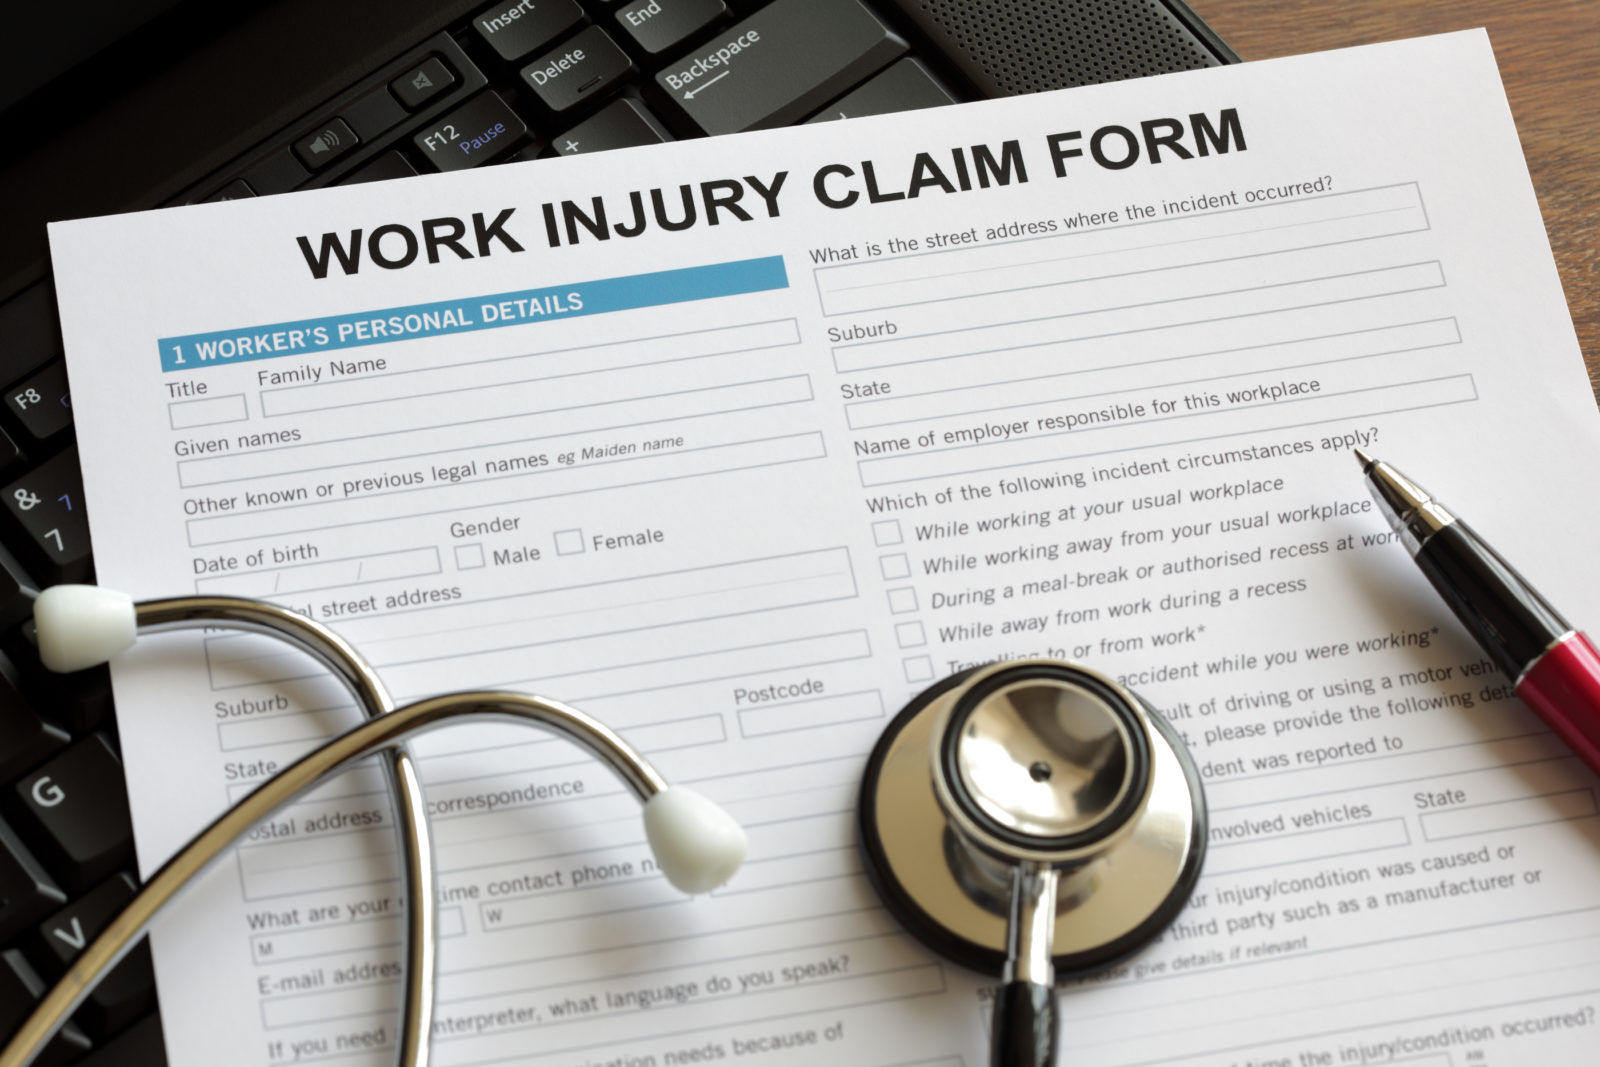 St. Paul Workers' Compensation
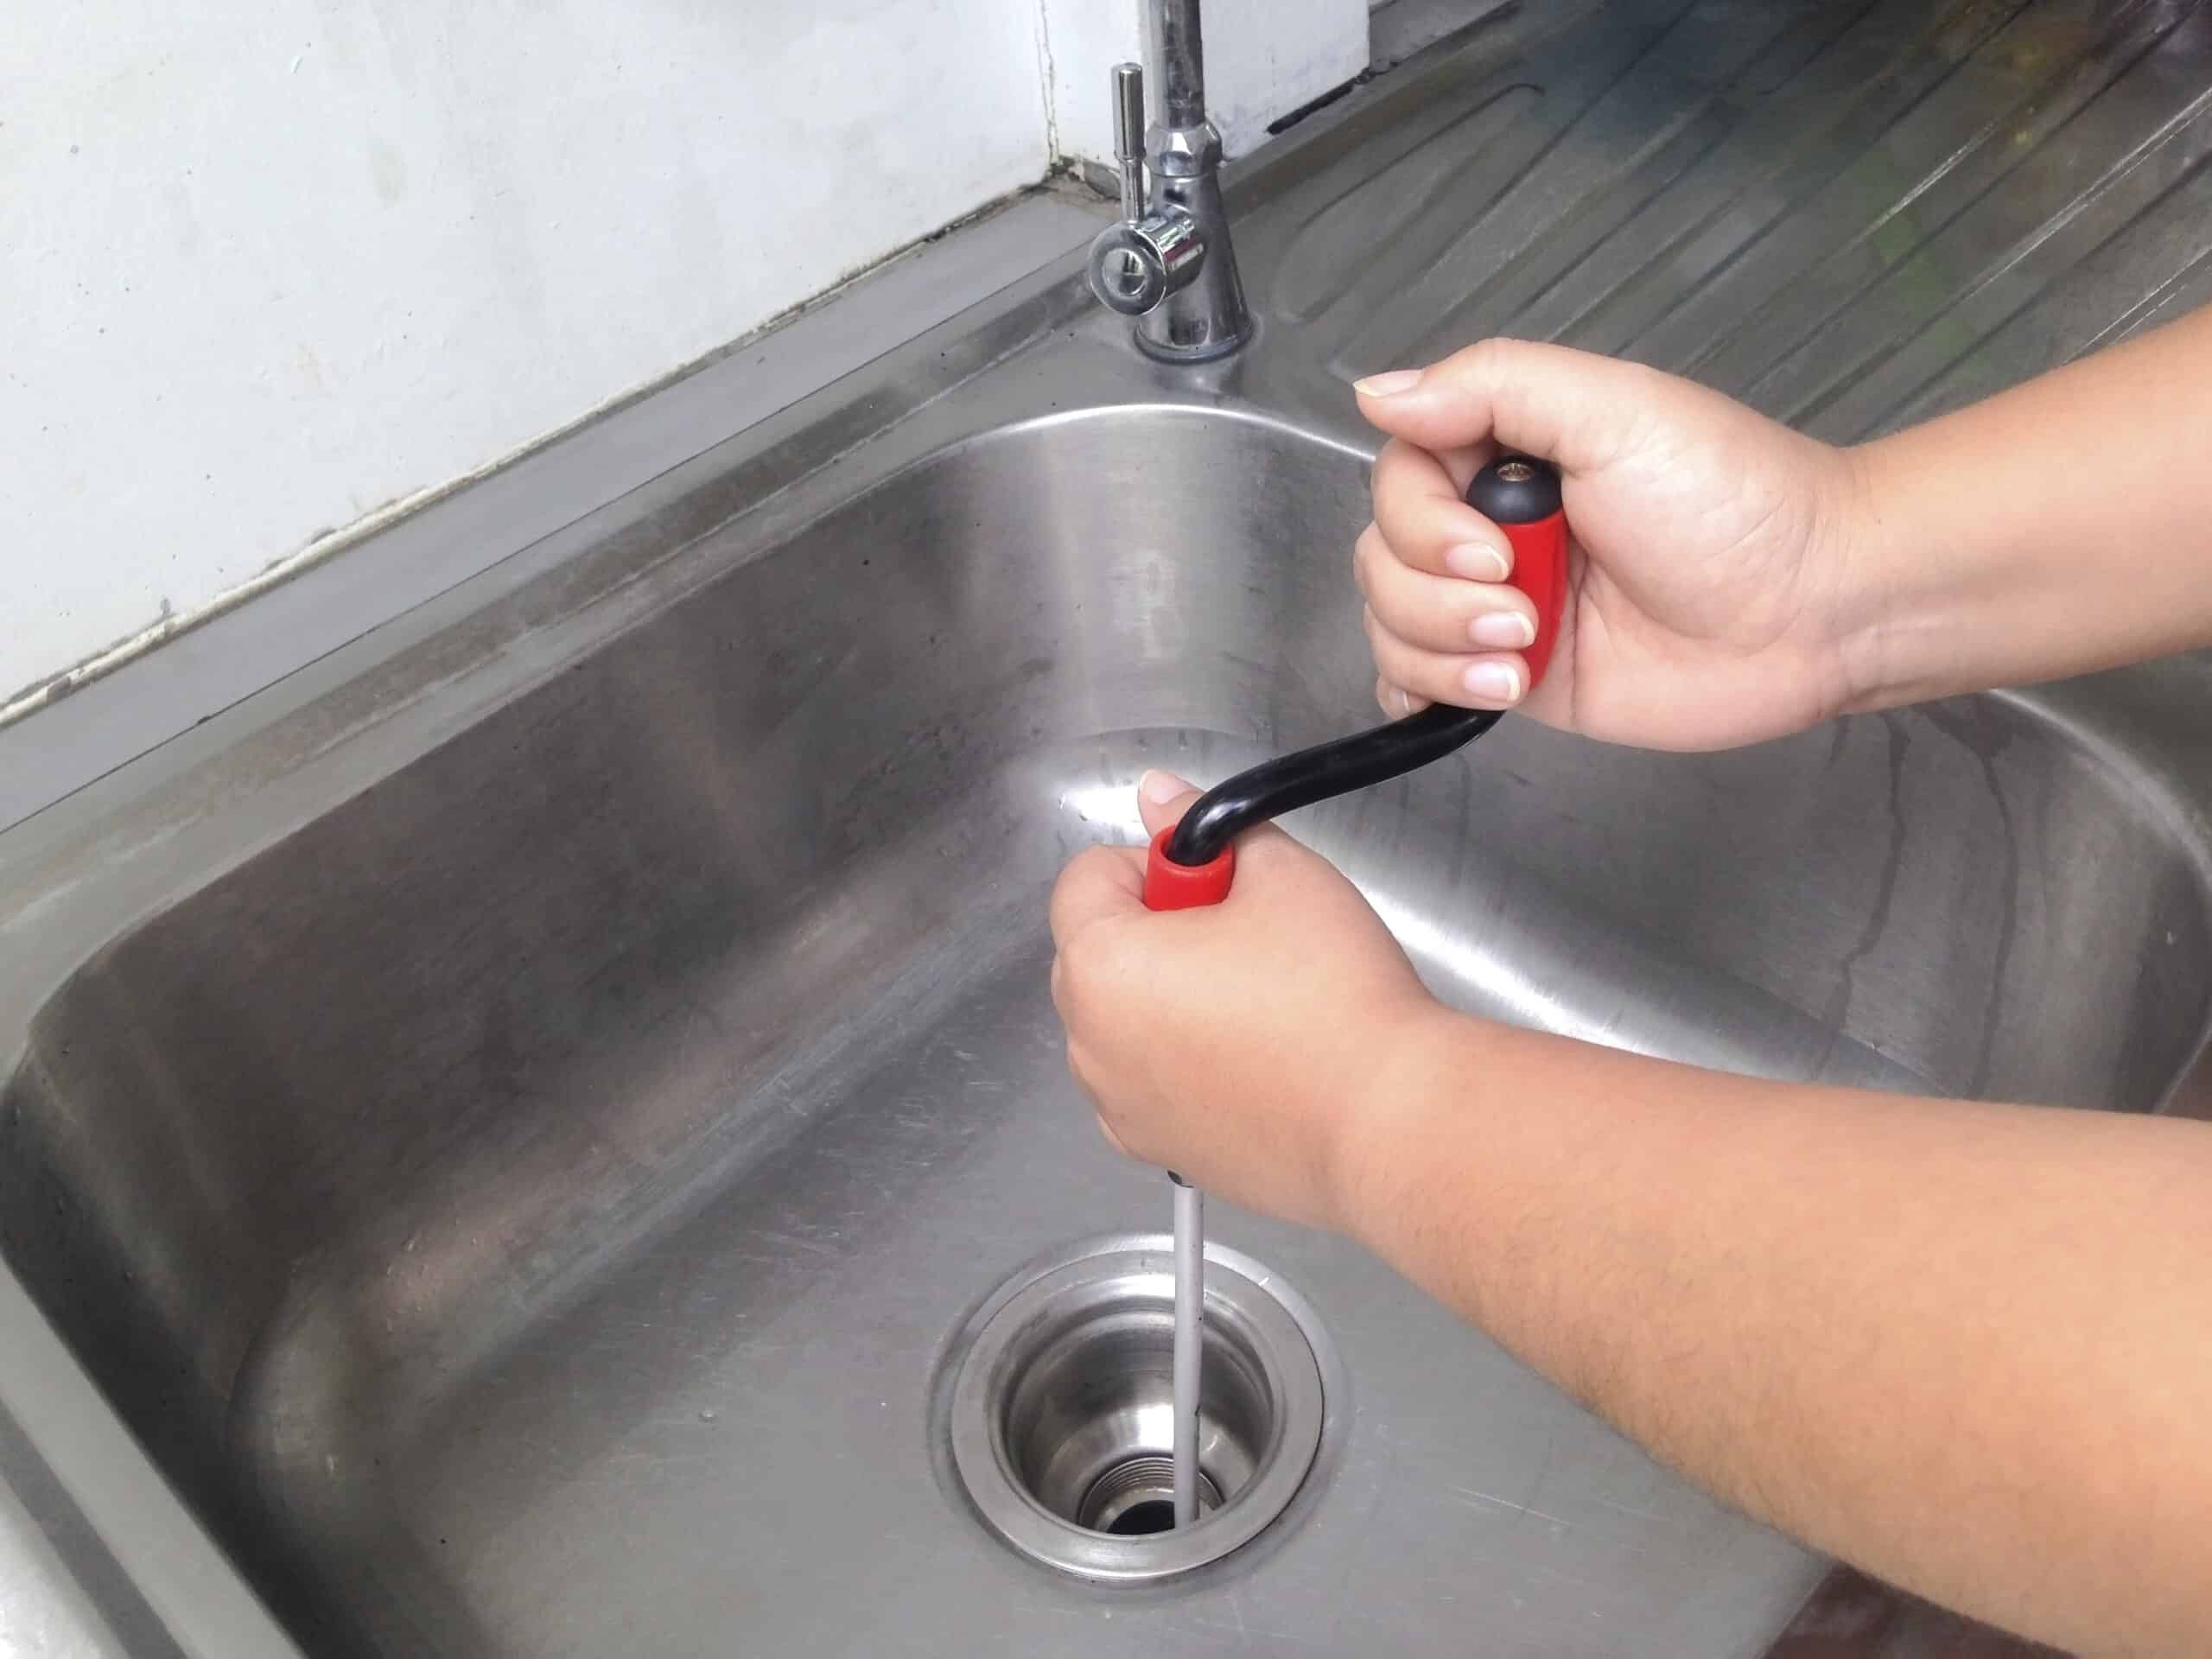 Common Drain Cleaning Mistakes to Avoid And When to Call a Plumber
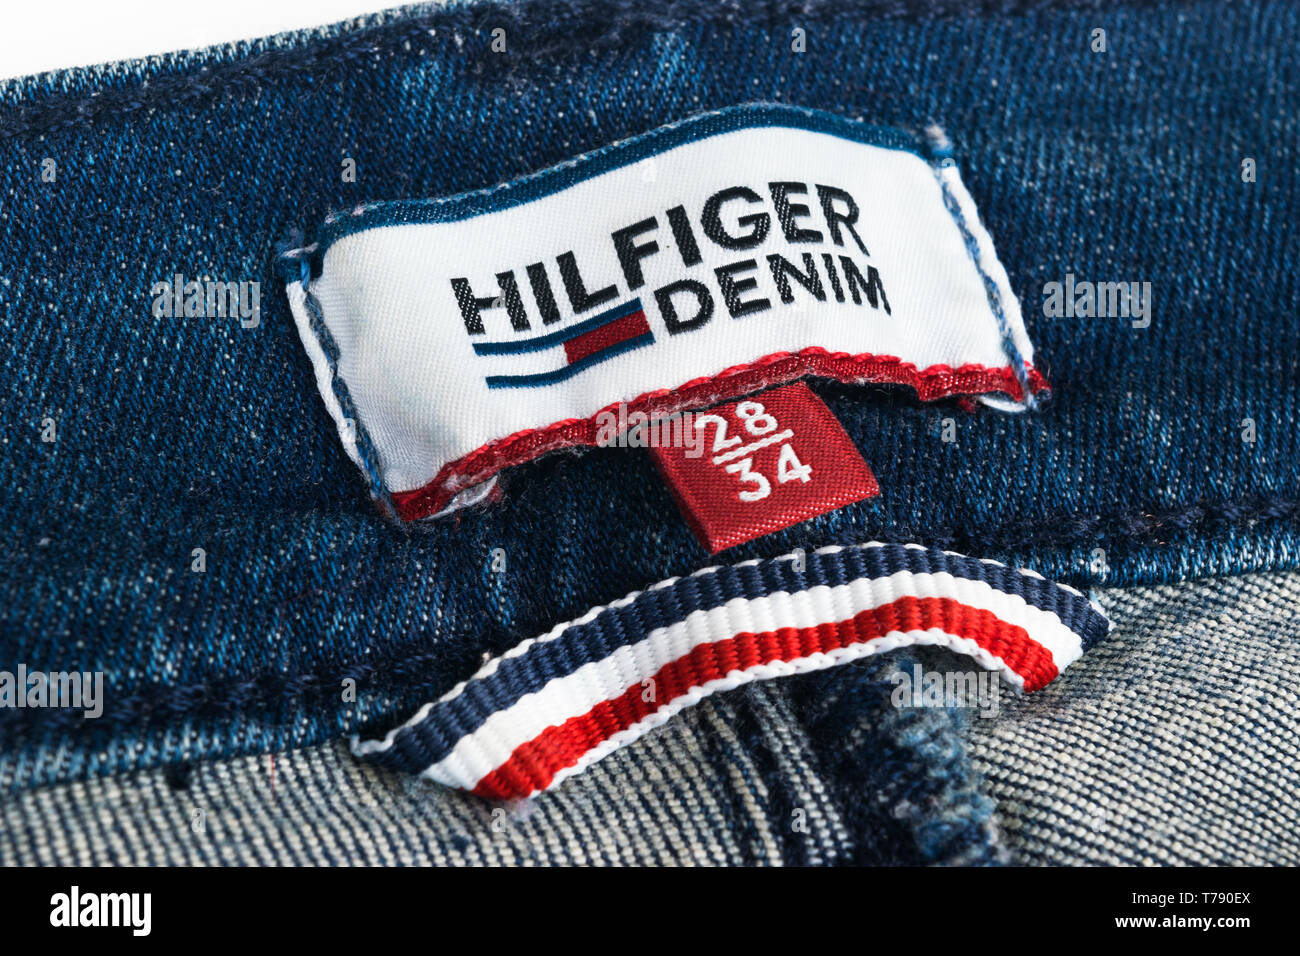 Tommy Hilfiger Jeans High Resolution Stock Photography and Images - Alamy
◇ ◇ ◇ ◇ ◇
Restate the data above word for word. Skip every picture.

EXERCISE RESPONSE =>
 St. Paul Workers' Compensation
 Common Drain Cleaning Mistakes to Avoid And When to Call a Plumber
 Tommy Hilfiger Jeans High Resolution Stock Photography and Images - Alamy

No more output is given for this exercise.